Par vous, Muses, par vous, franchissant les collines,
Soit que j’aime l’aspect des campagnes Sabines,
Soit Catile ou Falerne et leurs riches côteaux,
Ou l’air de Blandusie et l’azur de ses eaux :
Par vous de l’Anio j’admire le rivage,
Par vous de Tivoli le poétique ombrage,
Et de Bacchus assis sous des antres profonds,
La Nymphe et le Satyre écoutant les chansons.
Par vous la rêverie errante, vagabonde,
Livre à vos favoris la nature et le monde ;
Par vous, mon ame au gré de ses illusions
Vole et franchit les temps, les mers, les nations
Va vivre en d’autres corps, s’égare, se promène ;
Est tout ce qu’il lui plaît, car tout est son domaine.

Ainsi, bruyante abeille, au retour du matin
Je vais changer en miel les délices du thim.
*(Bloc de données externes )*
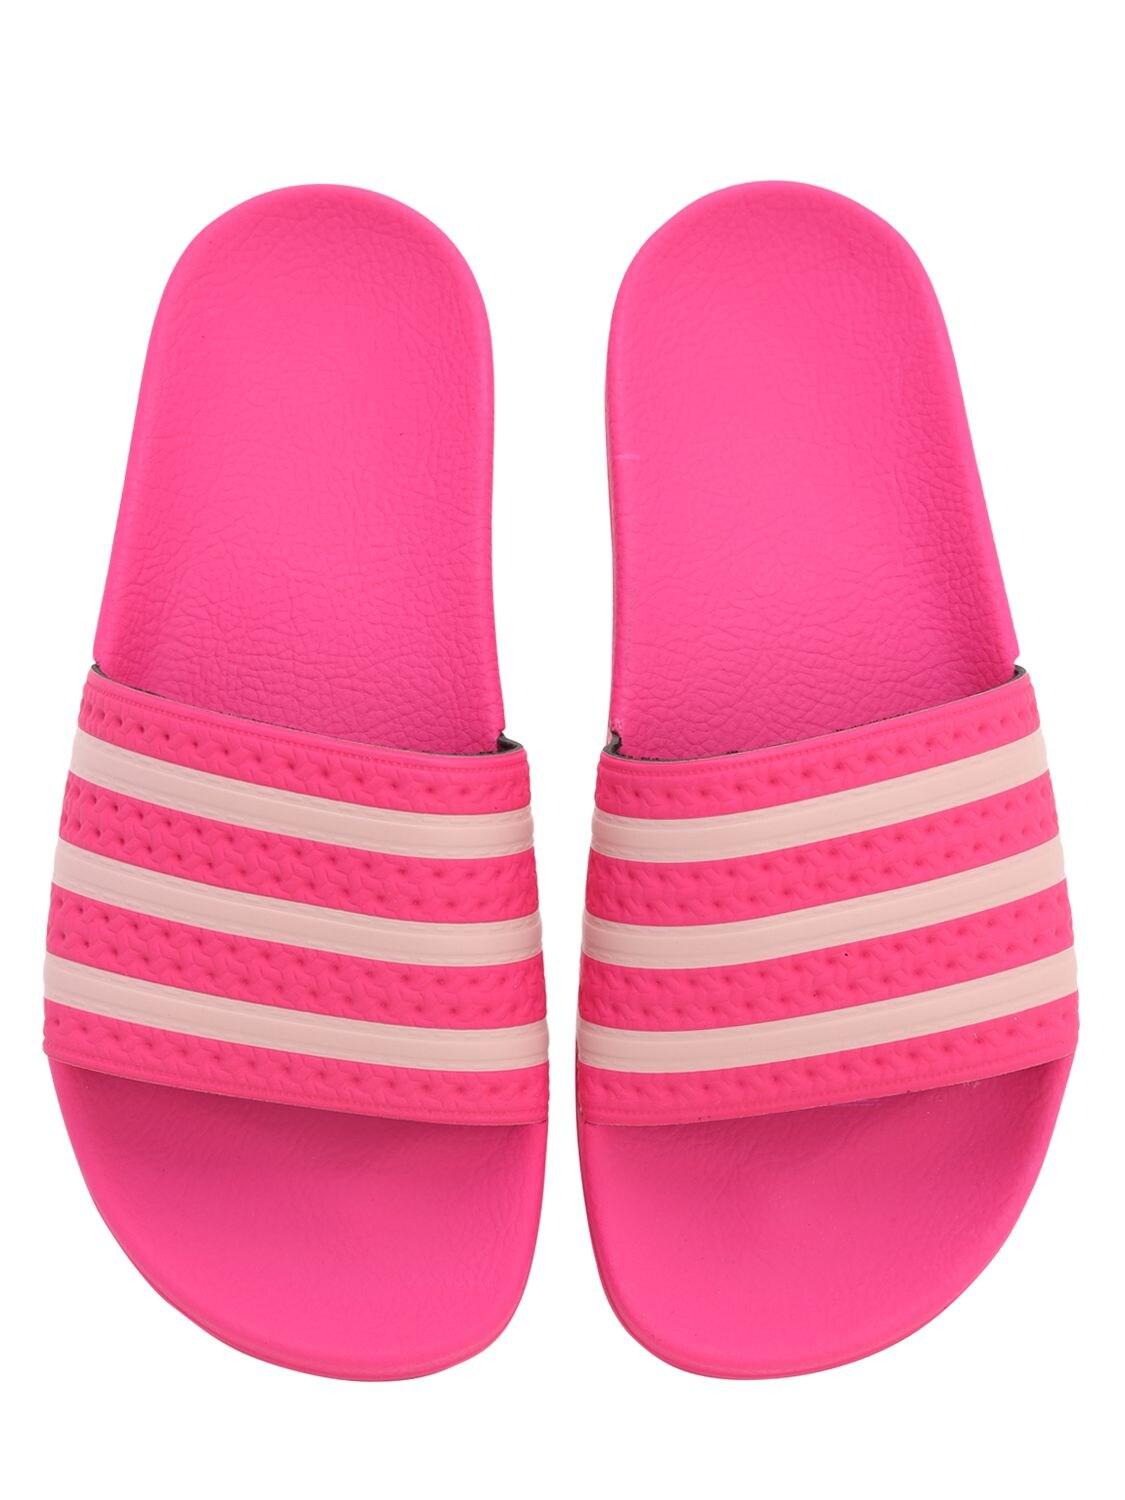 adidas Originals Adilette Slide Sandals in Fuchsia (Pink) | Lyst

Rose, un sein palpitant est ma tombe divine.
Frêle atome d’oiseau, dé leur molle étamine
Je vais sous d’autres cieux dépouiller d’autres fleurs..
Le papillon plus grand offre moins de couleurs.
Et l’Orénoque impur, la Floride fertile,
Admirent qu’un oiseau si tendre, si débile ;
Mêle tant d’or, de pourpre, en ses riches habits ;
Et pensent dans les airs voir nager des rubis.
Sur un fleuve souvent l’éclat de mon plumage
Fait à quelque Léda souhaiter mon hommage.